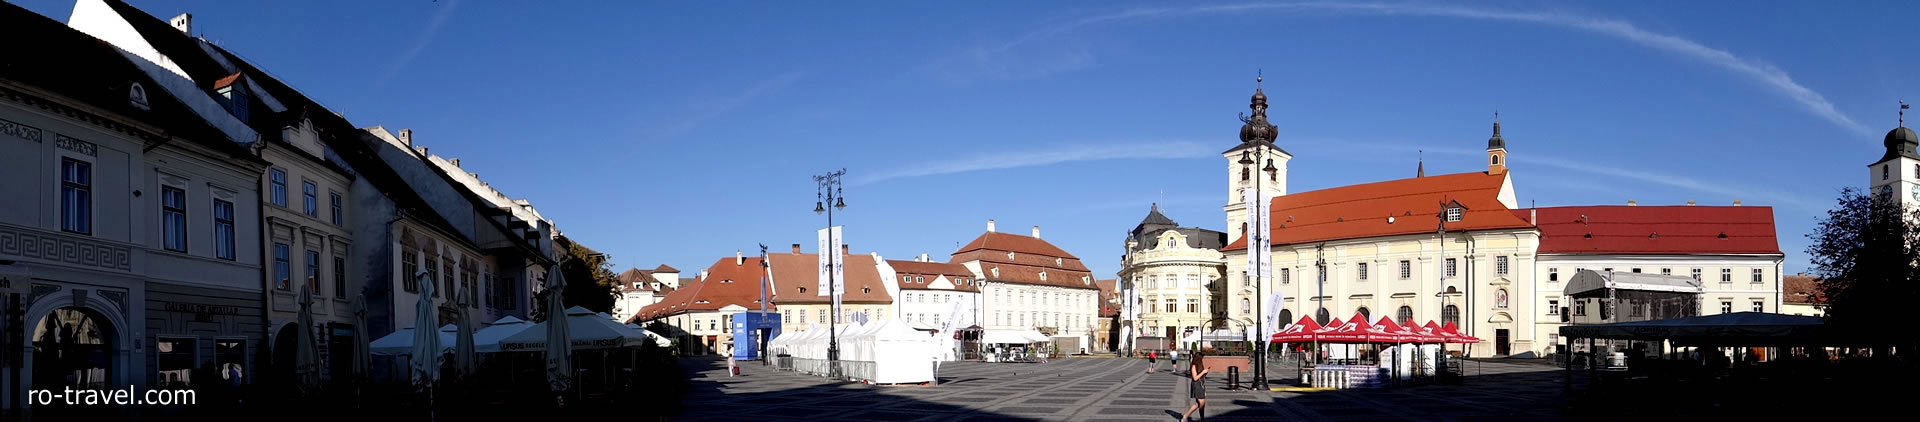 Sibiu Piata Mare
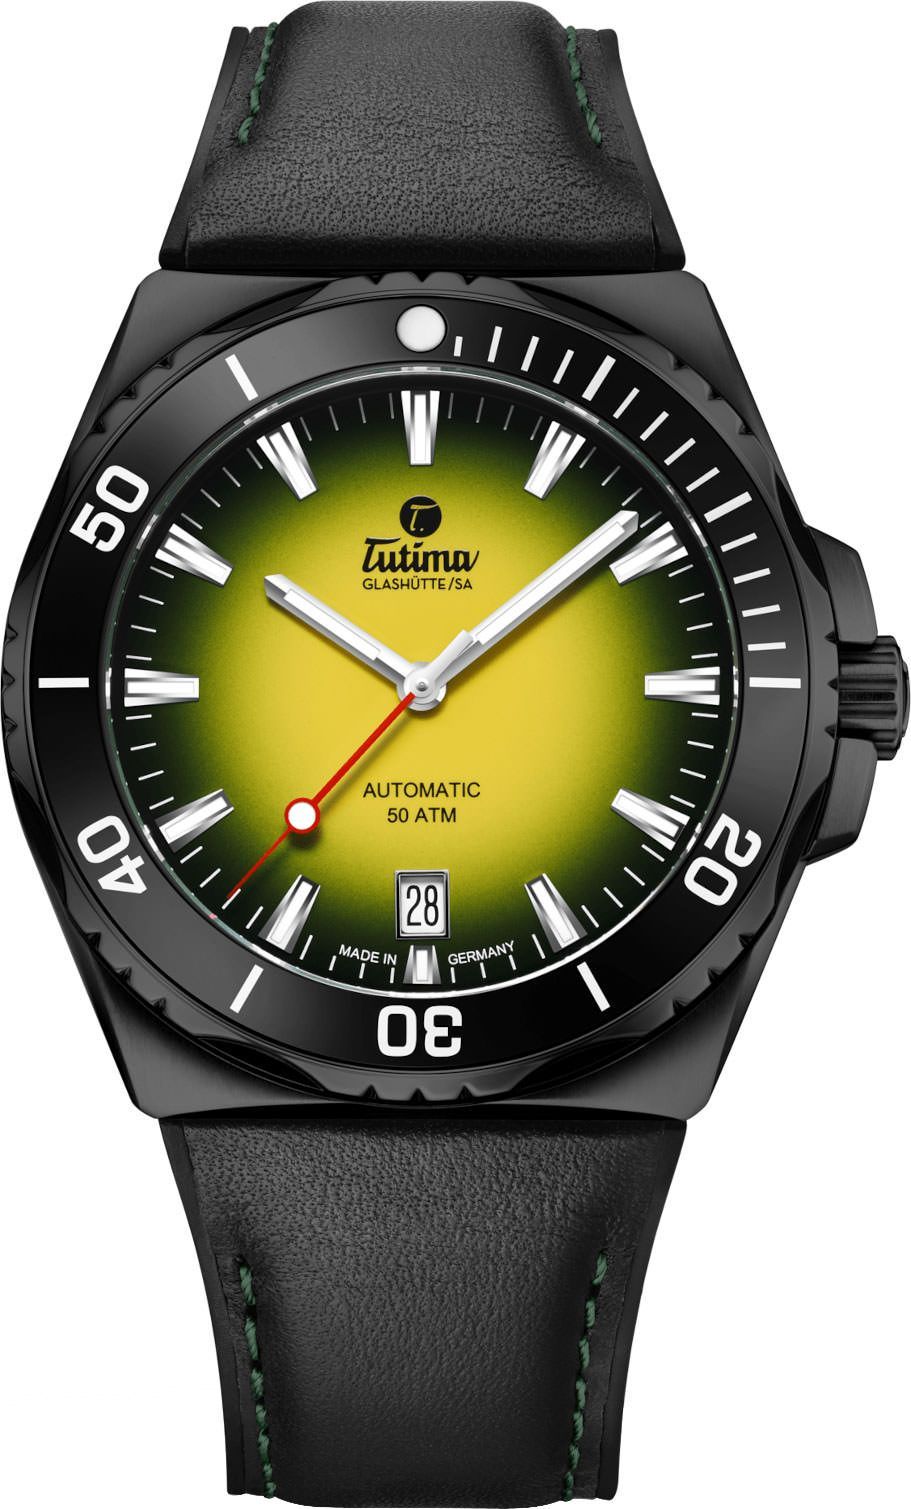 Tutima Glashütte Seven Seas S 40 mm Watch in Yellow Dial For Men - 1
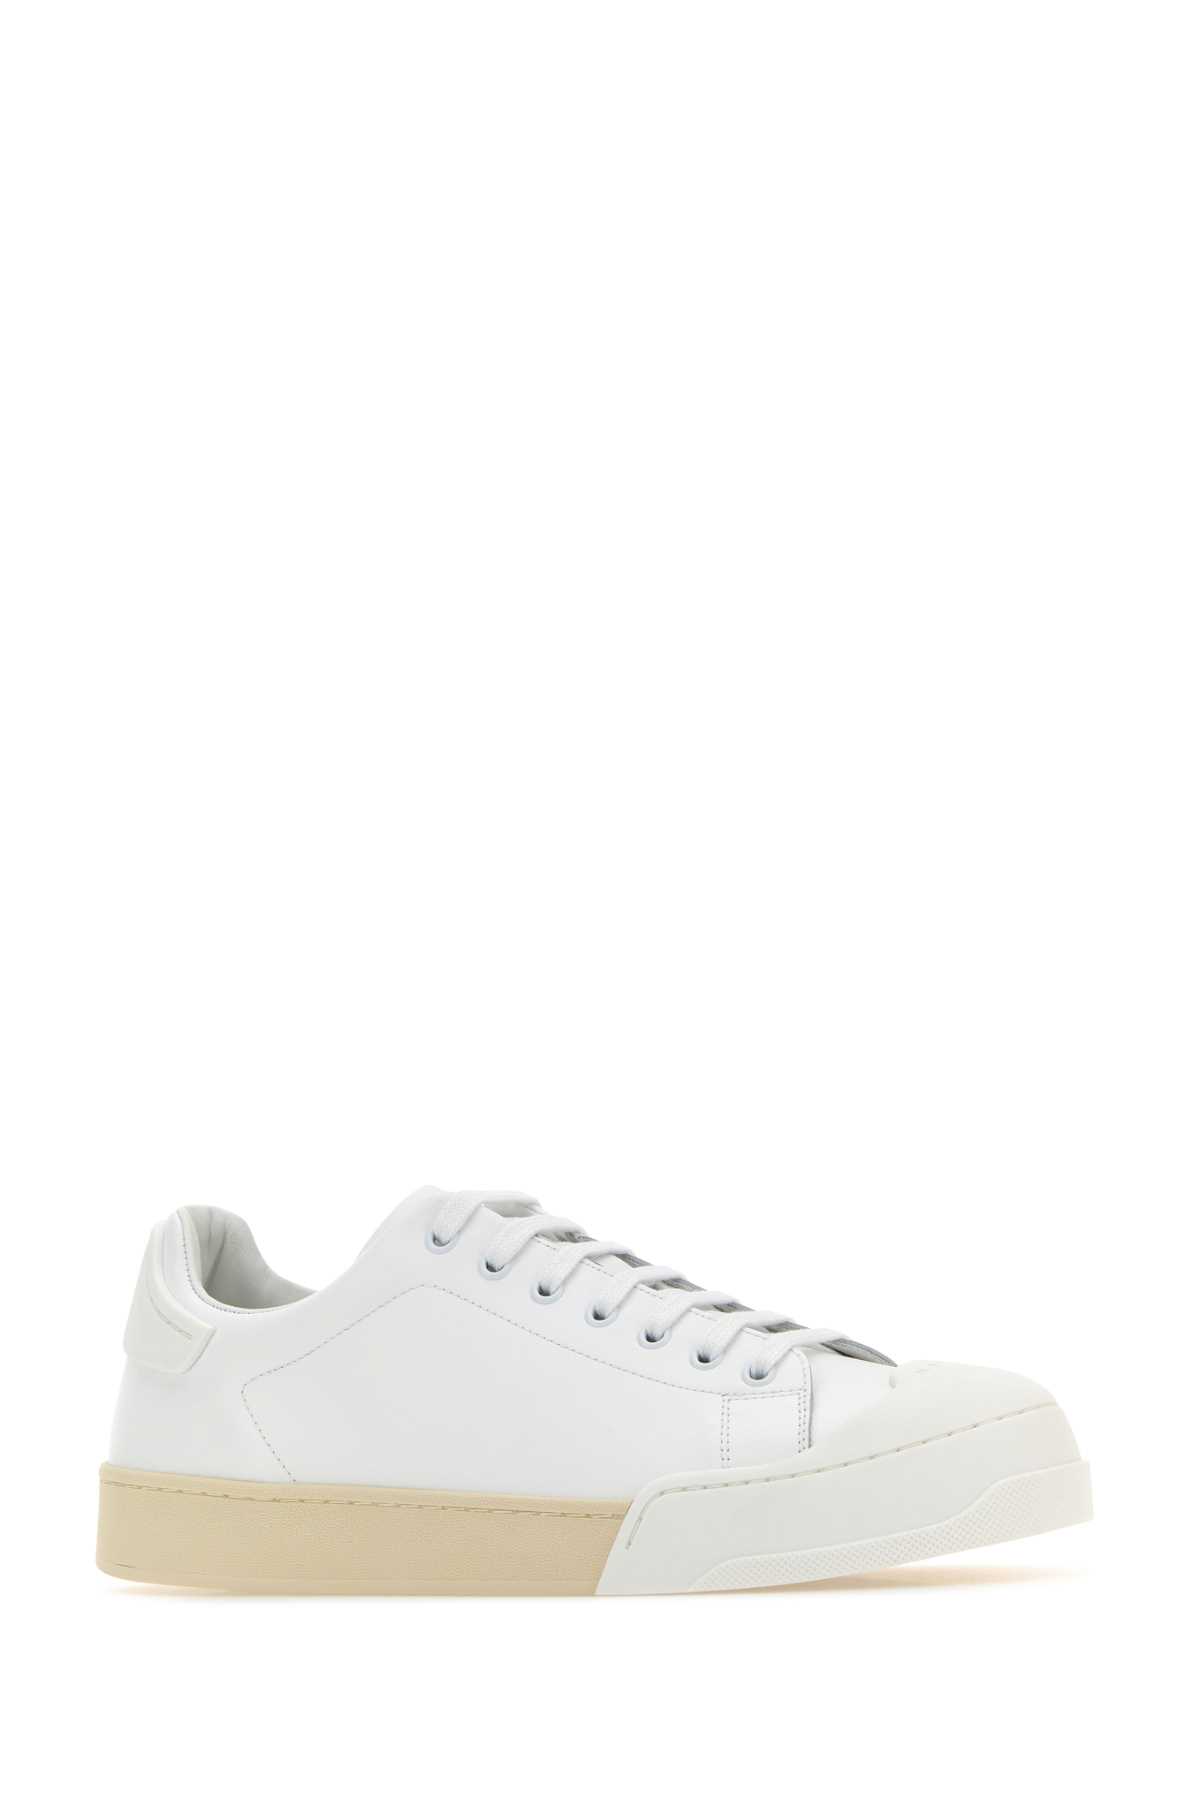 Marni White Leather Dada Sneakers In Lilywhitelilywhite
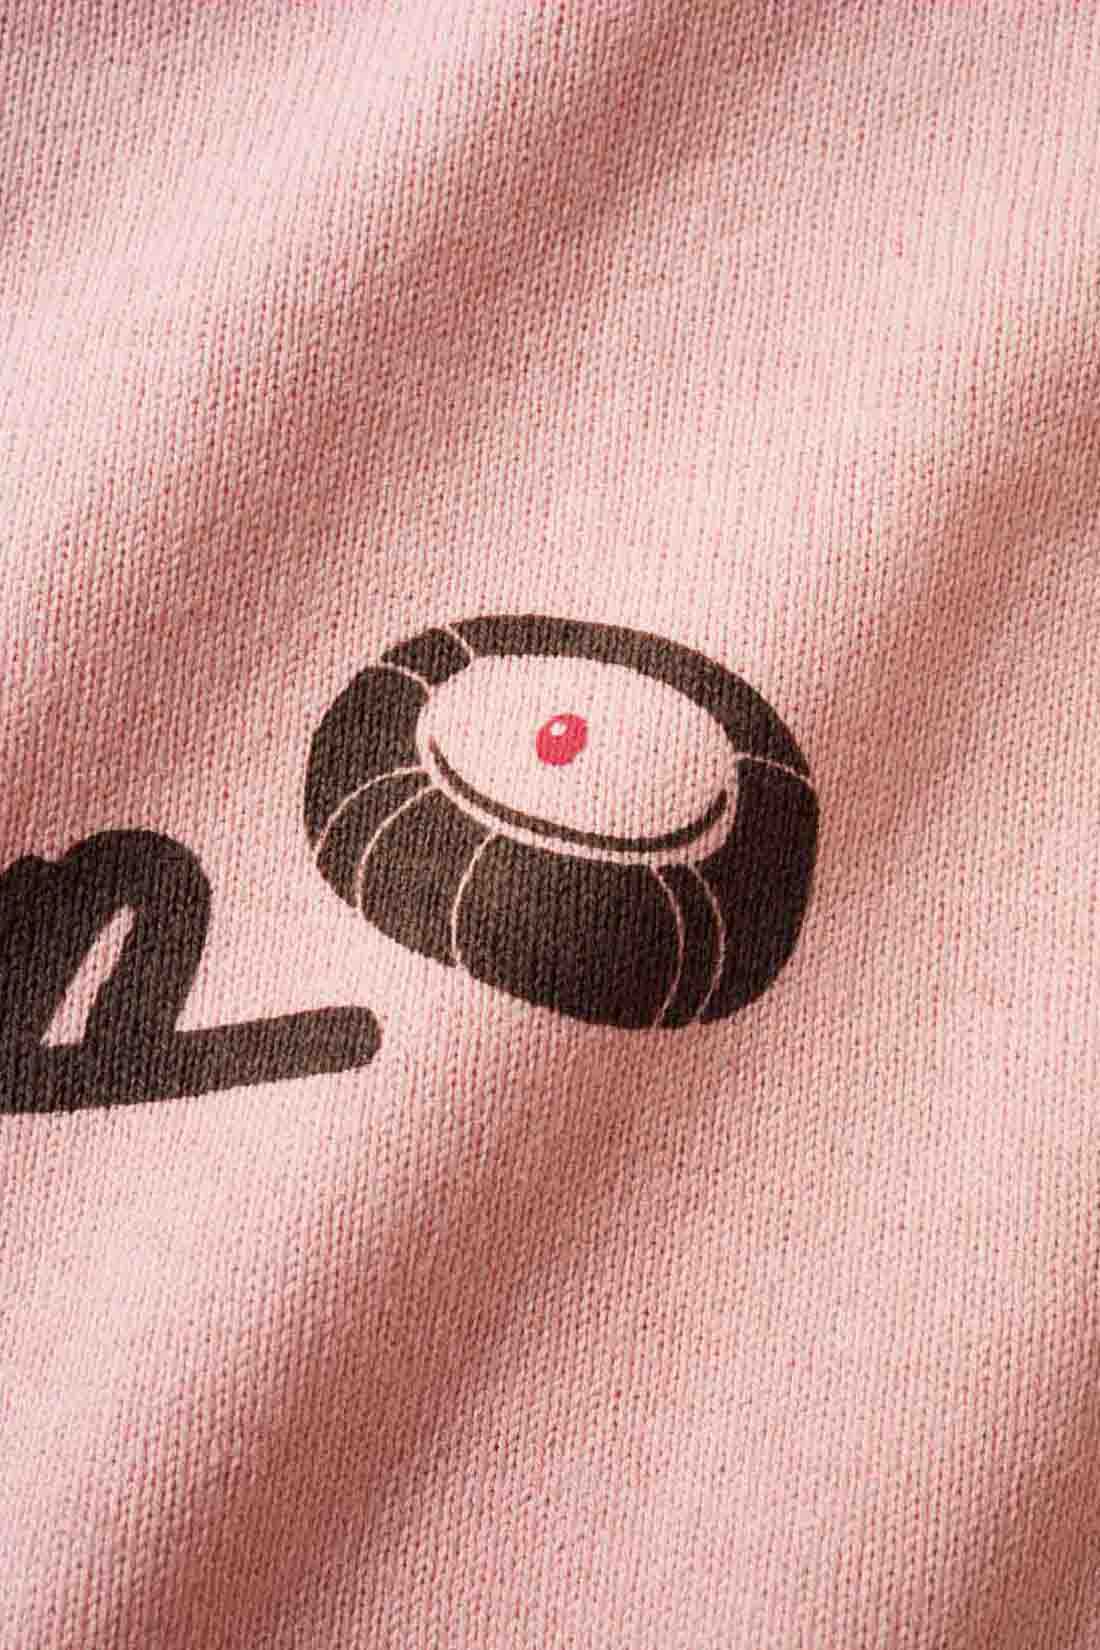 Real Stock|Live love cottonプロジェクト リブ イン コンフォート神戸のベーカリーハラダのパンさんとつくったオーガニックコットンのレトロかわいいTシャツ〈ベビーピンク〉|バックプリントには定番商品 「シャーベットクリーム」 のイラストも。

________________________

*WHAT YOU WILL DO*. Go through the listing above and write it out again exactly, dropping the pictures.

*RESULT OF THIS TASK*.
 Sibiu Piata Mare
 Tutima Glashütte Seven Seas S 40 mm Watch in Yellow Dial For Men - 1
 Marni White Leather Dada Sneakers In Lilywhitelilywhite
 Real Stock|Live love cottonプロジェクト リブ イン コンフォート神戸のベーカリーハラダのパンさんとつくったオーガニックコットンのレトロかわいいTシャツ〈ベビーピンク〉|バックプリントには定番商品 「シャーベットクリーム」 のイラストも。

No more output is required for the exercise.